Ça donnera quelque chose comme ceci, à mettre assez tôt dans votre code :

 ! Variable d’avancement
 Global avancement = 0
 ! 0 = début du jeu, le joueur n’a pas encore touché l’idole maléfique
 ! 1 = l’idole s’est réveillée, le joueur doit parler au chef du village
 ! 2 = le chef est au courant, tout le monde cherche l’entrée de la caverne
 ! 3 = l’entrée est trouvée, tout le monde essaie d’ouvrir la porte de la caverne
 ! 4 = tout le monde est dans la caverne, le jeu est fini si le joueur creuse au bon endroit

Pour augmenter la variable « avancement », il faut se placer aux bons endroits du code et augmenter la variable à ce moment-là. Par exemple, vous pouvez faire comme ceci :

Object idole "idole maléfique" jungle
 with description "Une idole aux grands yeux vous regarde fixement.",
 name 'idole' 'maléfique' 'yeux',
 before [; Touch: avancement = 1; print "Vous touchez l’idole, et elle se réveille ! Une voix caverneuse se fait entendre et vous voilà maudit !" ; return true; ],
 has scenery concealed;

Vous pouvez même faire un peu plus subtil : avoir un message qui s’affiche la première fois que le joueur touche l’idole (et vous mettez la variable avancement à 1 à ce moment-là), et un autre message les autres fois. Ça pourrait donner :

before [; Touch: if (avancement == 0) {
                  avancement = 1; print "Vous touchez l’idole, et elle se réveille ! Une voix caverneuse se fait entendre et vous voilà maudit !" ; return true;
               } else {
                  print "Vous retouchez l’idole, en espérant que cela enlève le maléfice, mais rien ne se passe."; return true;
               } ],

Ce genre de mécanismes, où l’on donne une réponse la première fois, et une autre les fois suivantes, est crucial et énormément utilisé dans les fictions interactives. Ceci permet de faire varier les textes et d’avoir un monde plus réactif, mais aussi (voire surtout) de rappeler au joueur qu’il a déjà fait l’action ; par exemple, « Vous lui avez déjà demandé, et la réponse est non.

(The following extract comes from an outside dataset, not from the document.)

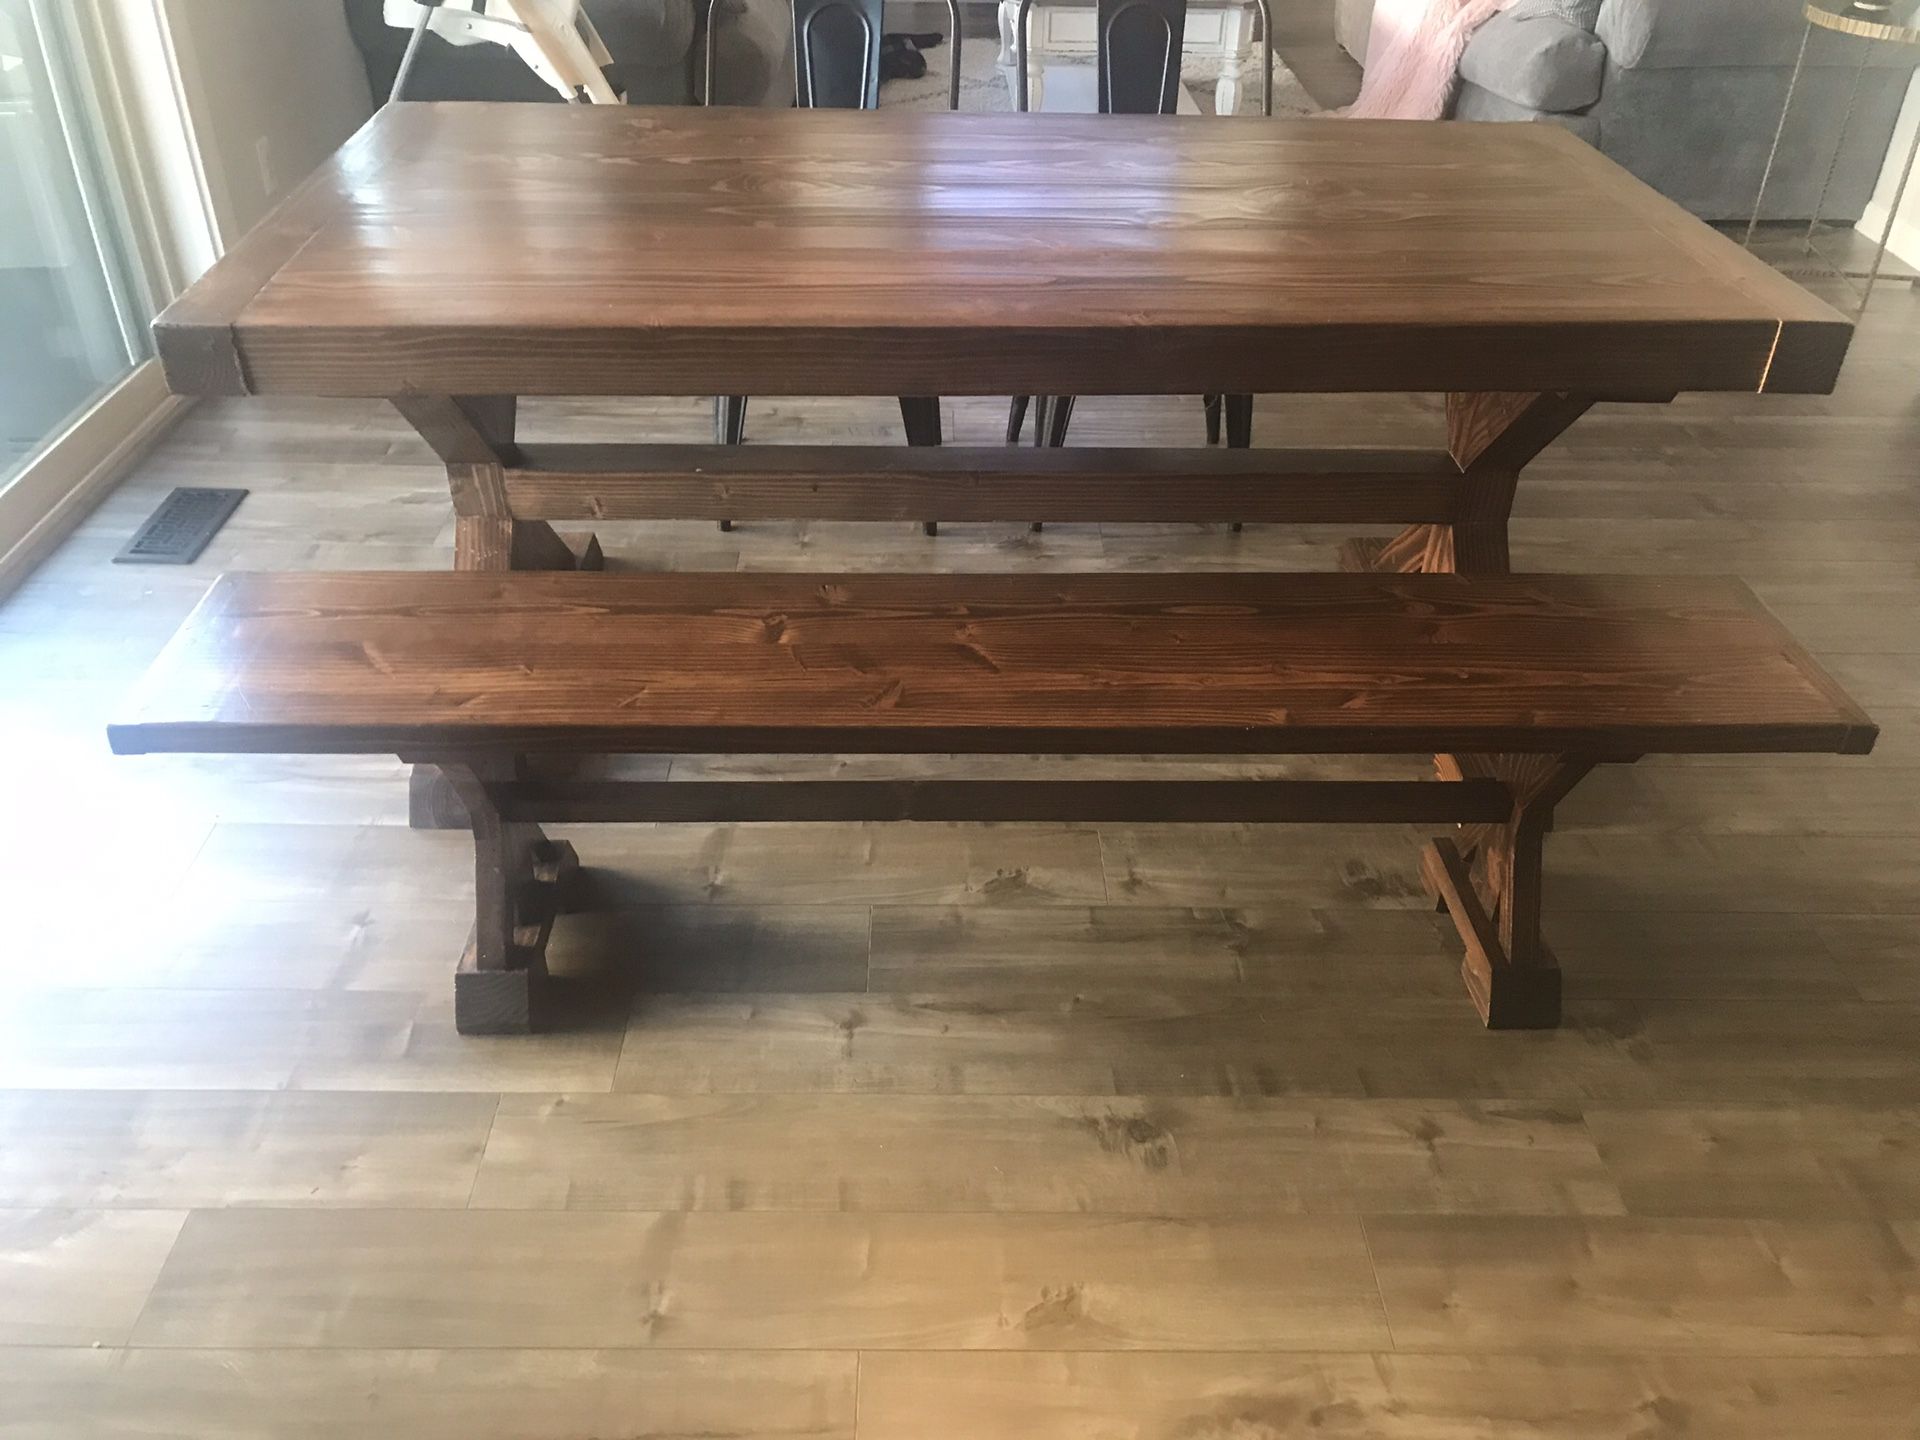 Farmhouse Style Kitchen Table with Bench and Chairs!

Il va falloir trouver un autre moyen », ou « Vous avez déjà perdu deux heures à compter les feuilles, et vous en aviez trouvé 69 105 », ou encore « Le souvenir de cette texture gluante sur le bout de vos doigts vous fait encore frémir ».
À chaque fois, la structure est la même : si une variable a une certaine valeur de base, on affiche la première réponse et on change la variable ; les autres fois, la variable n’aura plus la valeur de base et on pourra afficher quelque chose d’autre. Vous pouvez même faire plusieurs réponses à la suite, comme faire en sorte que le garde craque et donne le mot de passe la septième fois que vous lui demandez, ou juste des réponses de plus en plus loufoques à une action !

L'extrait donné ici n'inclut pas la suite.